**WHAT THIS TASK INVOLVES:** An exact transcription of the listing, without its images, is what the answer must contain.
══ MATERIAL PROVIDED ══
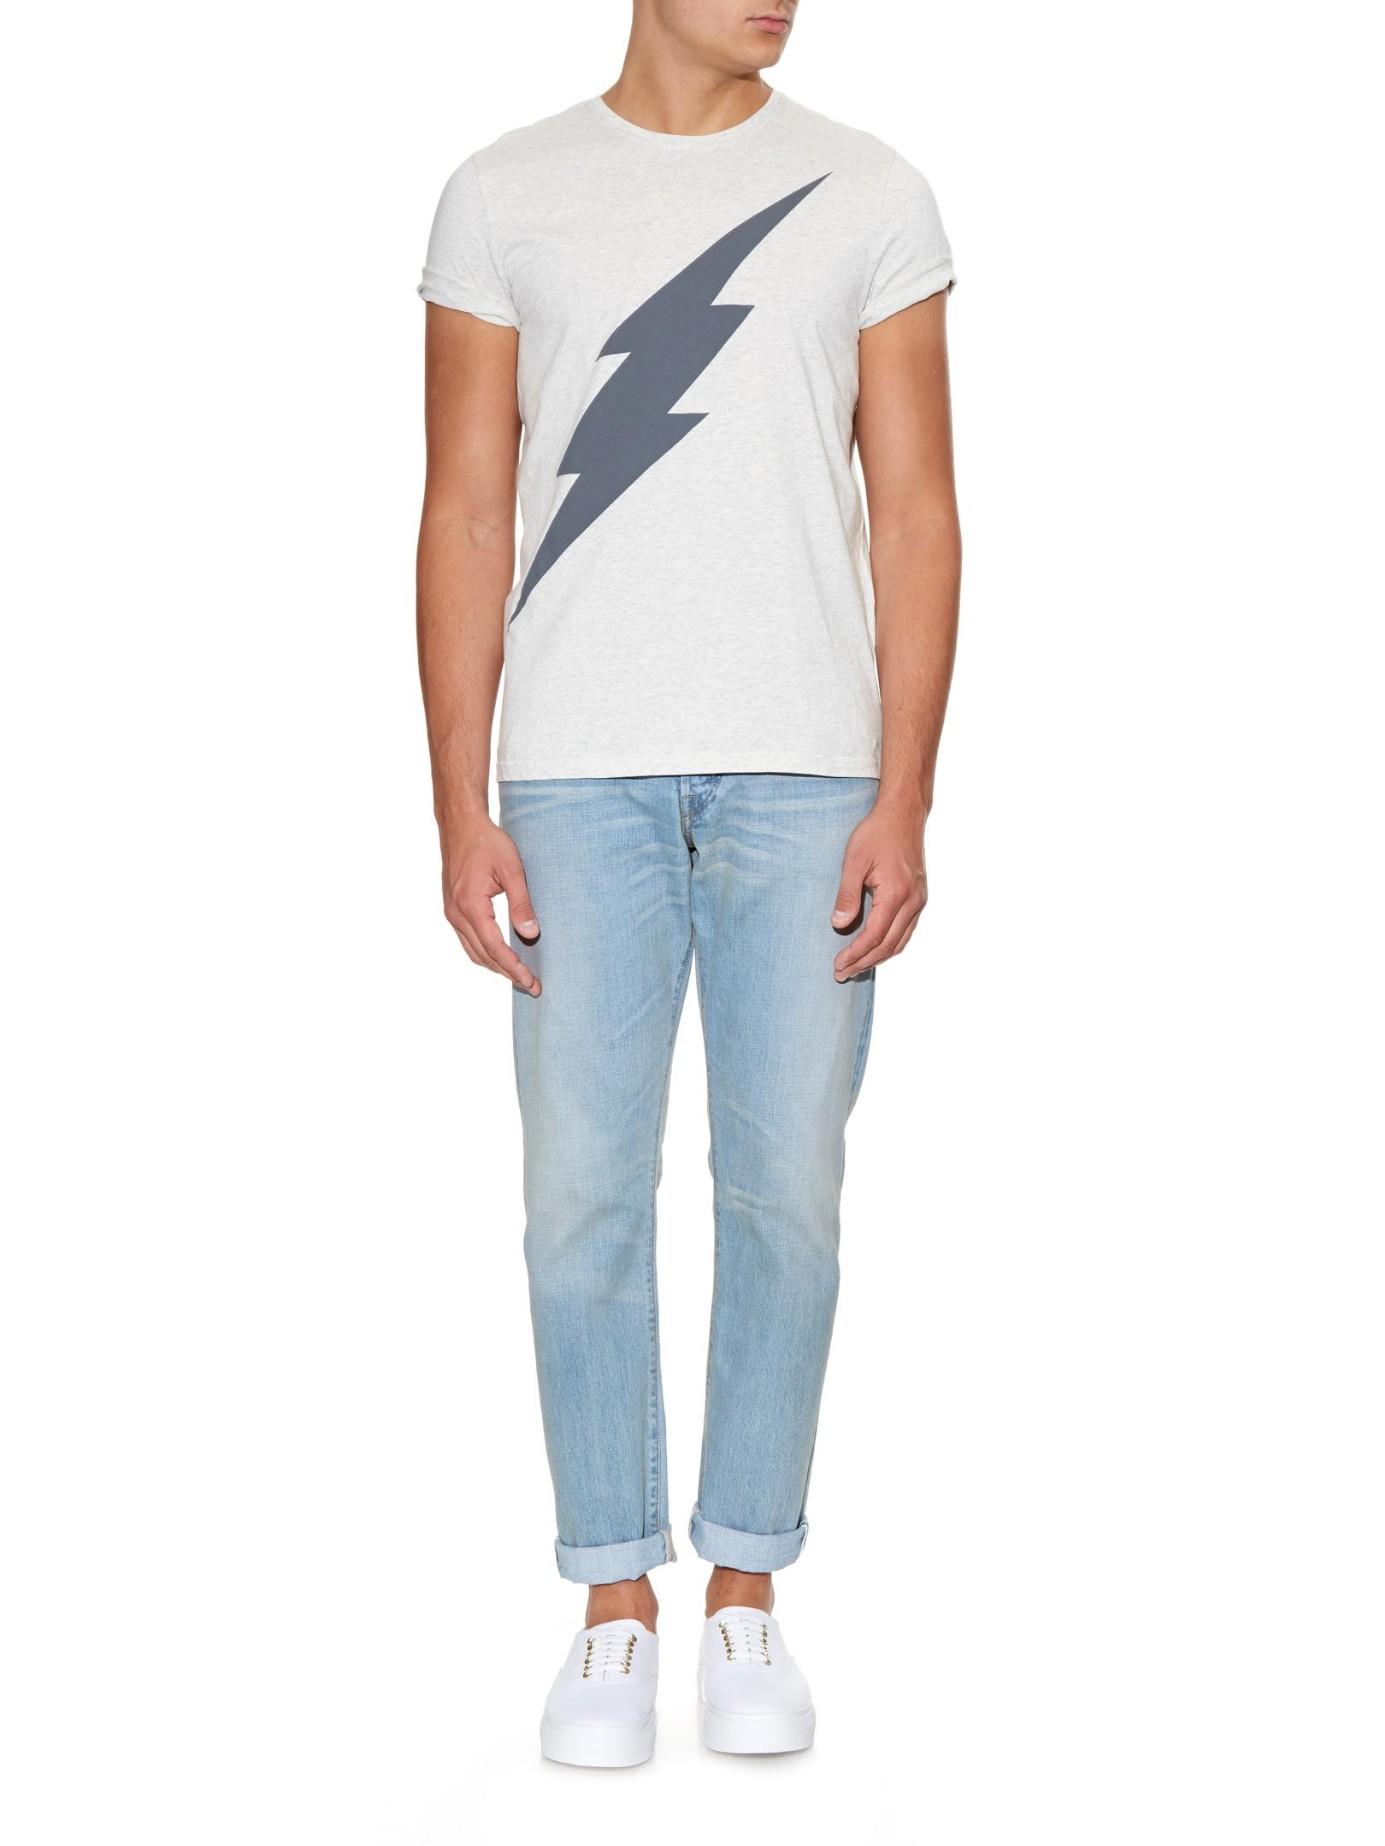 oliver spencer lightening print jersey t shirt in white. Black Bedroom Furniture Sets. Home Design Ideas
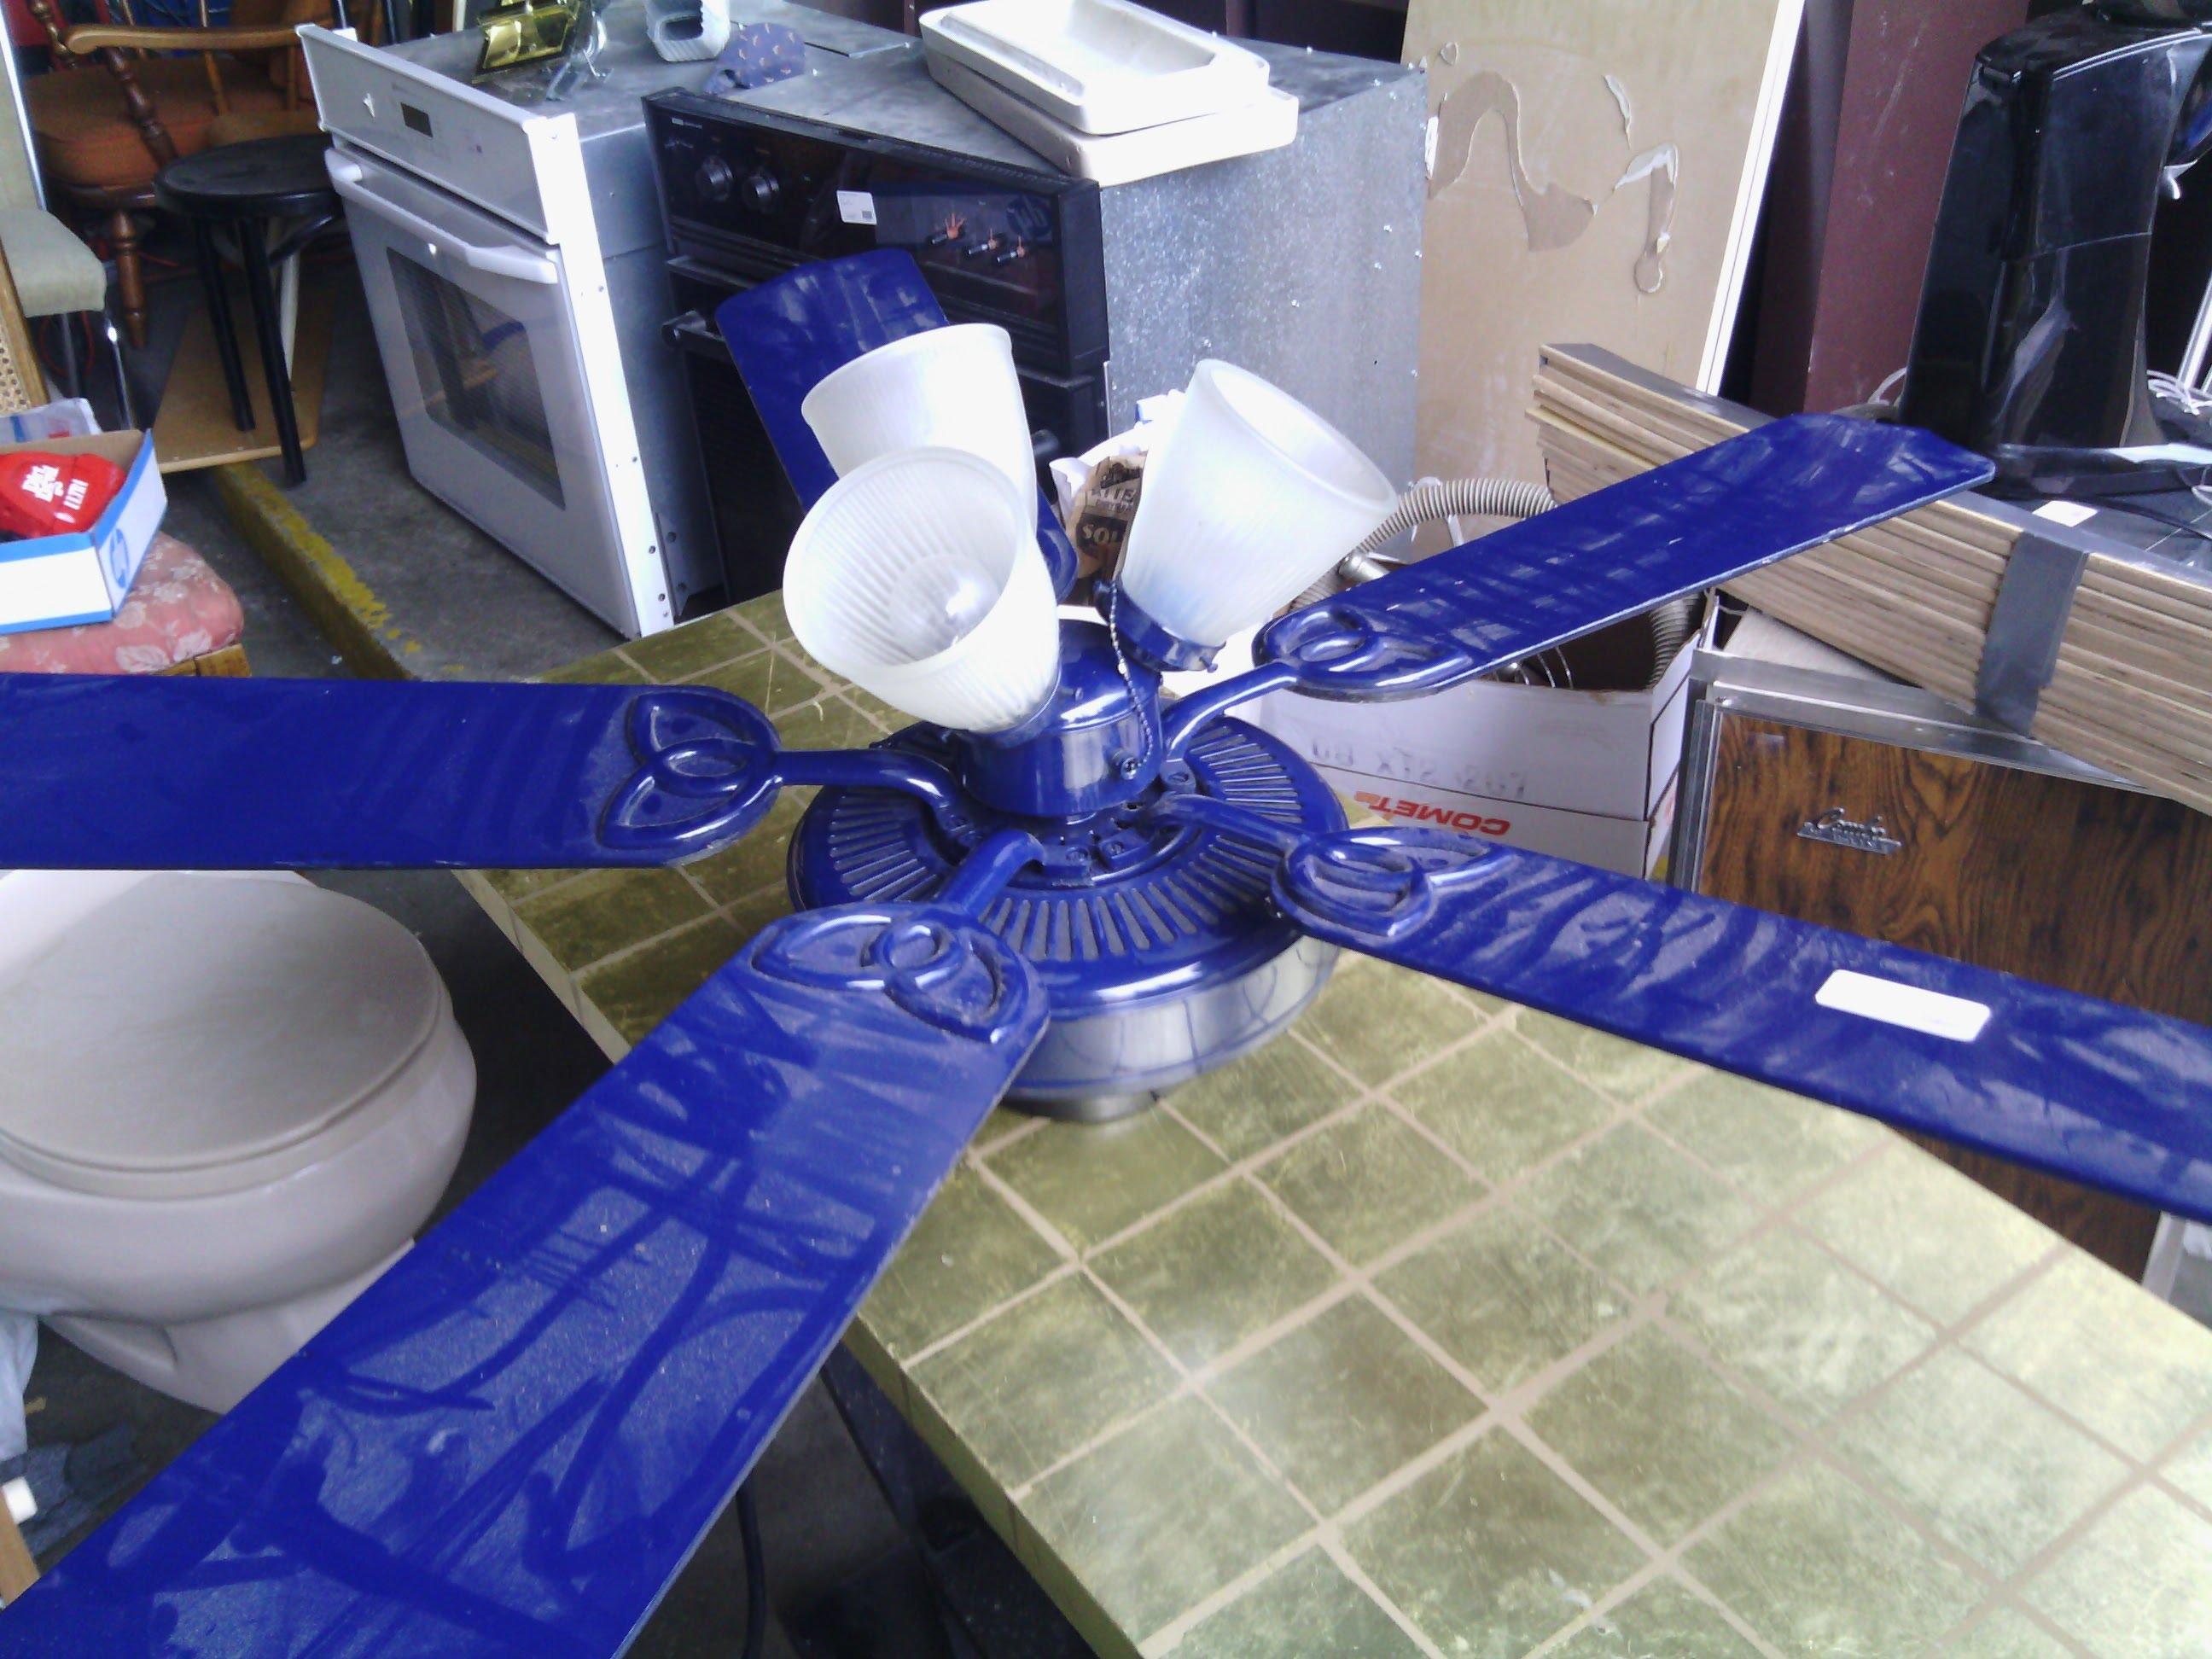 blue-ceiling-fans-photo-12
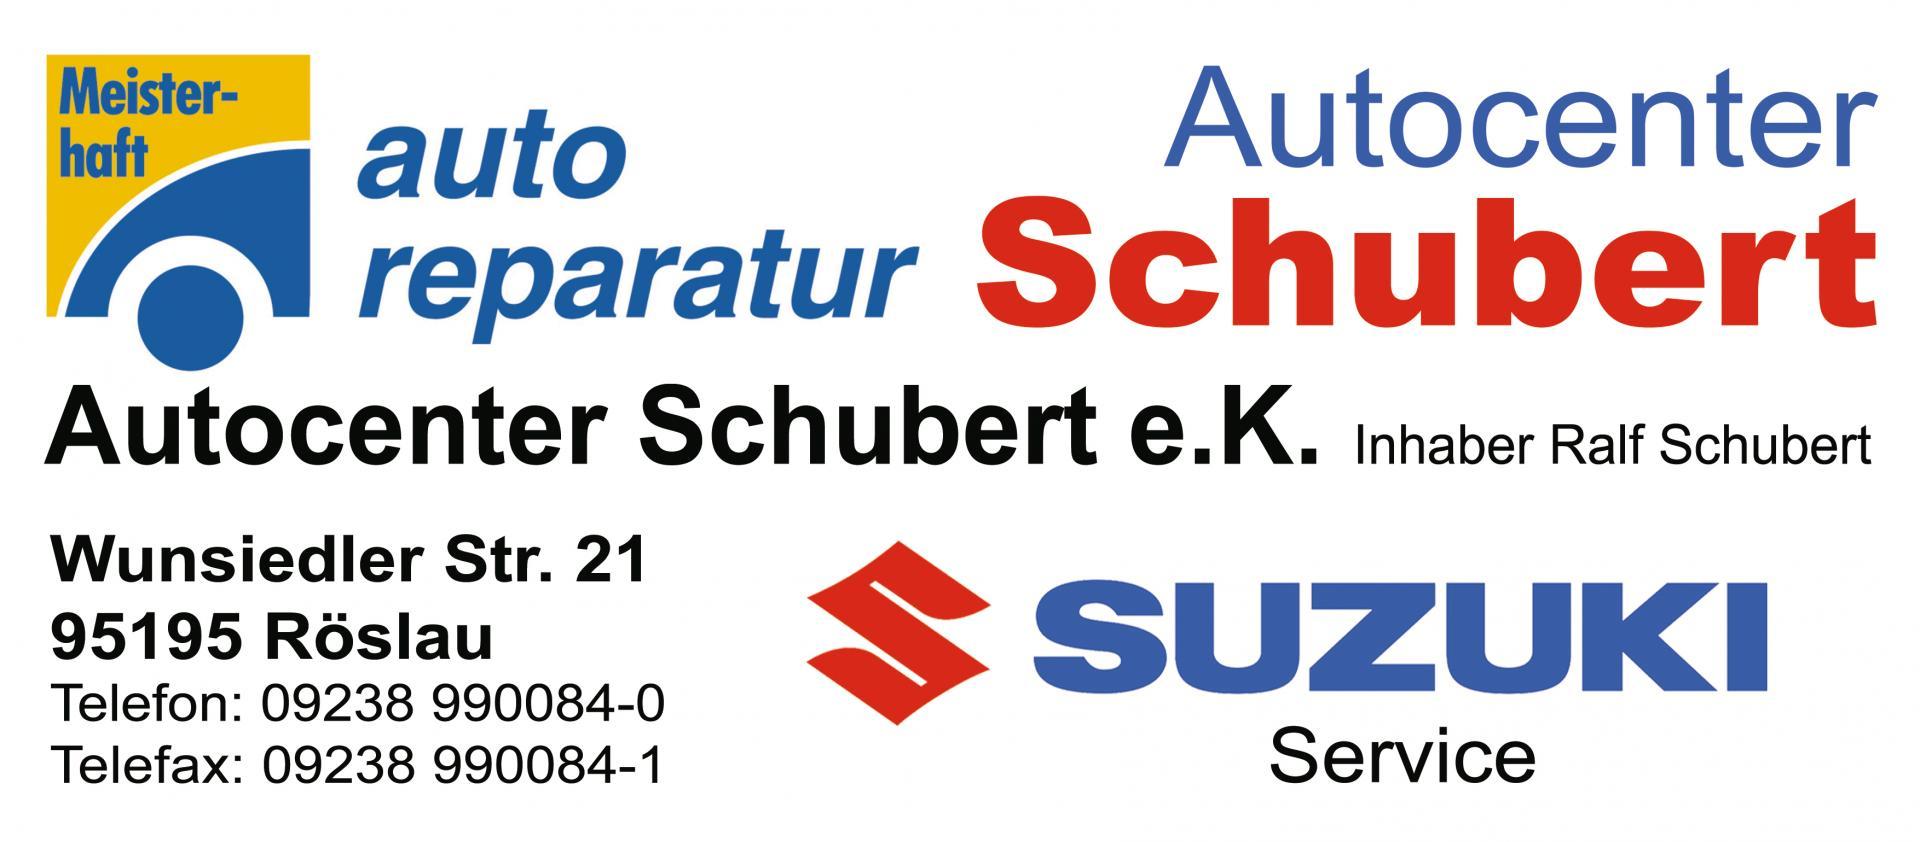 Autocenter Schubert e.K.
═══
**PROBLEM SOLUTION:**
 oliver spencer lightening print jersey t shirt in white. Black Bedroom Furniture Sets. Home Design Ideas
 blue-ceiling-fans-photo-12
 Autocenter Schubert e.K.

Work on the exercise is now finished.